Intrahepatic cholangiocarcinoma (ICC) is the second most common malignant primary tumor of the liver in Japan. Despite progress in operative techniques and adjuvant therapy, the prognosis of ICC remains very poor. Therefore, it is important to investigate the mechanism of carcinogenesis and progression of ICC. We screened allelic losses at 6 loci, including that of novel tumor-suppressor gene FEZ1 on chromosome 8p, and at 5 microsatellite loci to define the association with tumor-suppressor genes (HNPCC, APC, RB1, p53, DCC) in tumors from 18 unrelated ICC patients by PCR-loss of heterozygosity (LOH) assay and correlated the alterations with clinicopathological parameters. As a result, 61.1% (11 of 18) of patients showed LOH at 1 of the loci at least, and microsatellite instability was observed in 16.7% (3 of 18). At locus D8S258, relatively frequent LOH was detected (17.6%) compared with other loci on chromosome 8p. Among the other 5 chromosomal arms tested, the highest frequency of LOH (23.5%) was observed at D17S153. Fifty percent of cases with the mass-forming + periductal infiltrating type were frequently detected by LOH at D8S258 compared to cases of the mass-forming or intraductal growth type. In conclusion, we show that 1 putative tumor-suppressor gene on 8p22 may relate to progression of ICC and suggest that the p53 tumor-suppressor gene may be associated with carcinogenesis of ICC.

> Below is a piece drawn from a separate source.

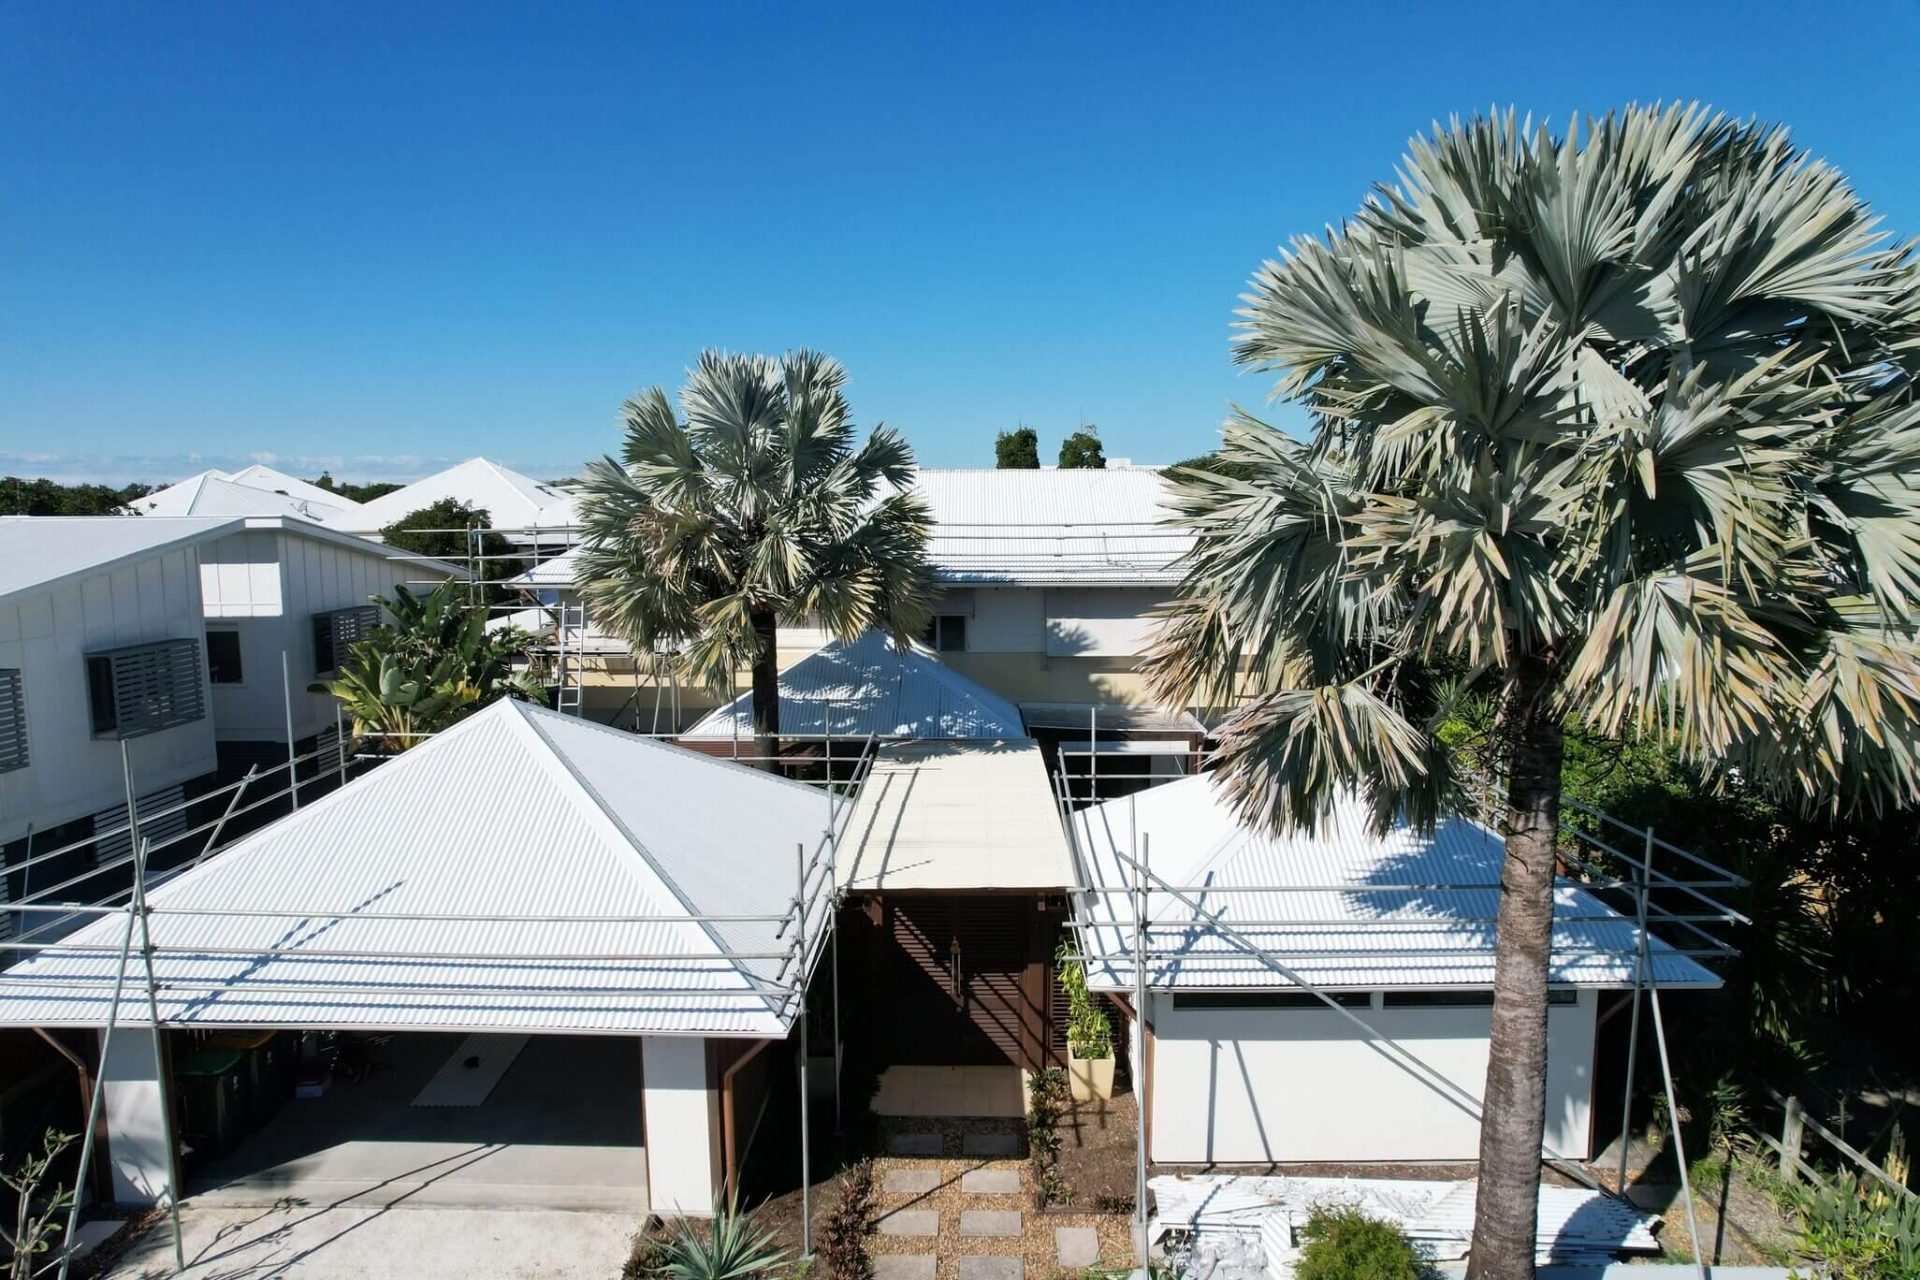 Master Roofing Australia

Alterations of human chromosome 8p occur frequently in many tumors. We identified a 1.5-Mb common region of allelic loss on 8p22 by allelotype analysis. cDNA selection allowed isolation of several genes, including FEZ1. The predicted Fez1 protein contained a leucine-zipper region with similarity to the DNA-binding domain of the cAMP-responsive activating-transcription factor 5. RNA blot analysis revealed that FEZ1 gene expression was undetectable in more than 60% of epithelial tumors. Mutations were found in primary esophageal cancers and in a prostate cancer cell line. Transcript analysis from several FEZ1-expressing tumors revealed truncated mRNAs, including a frameshift. Alteration and inactivation of the FEZ1 gene may play a role in various human tumors.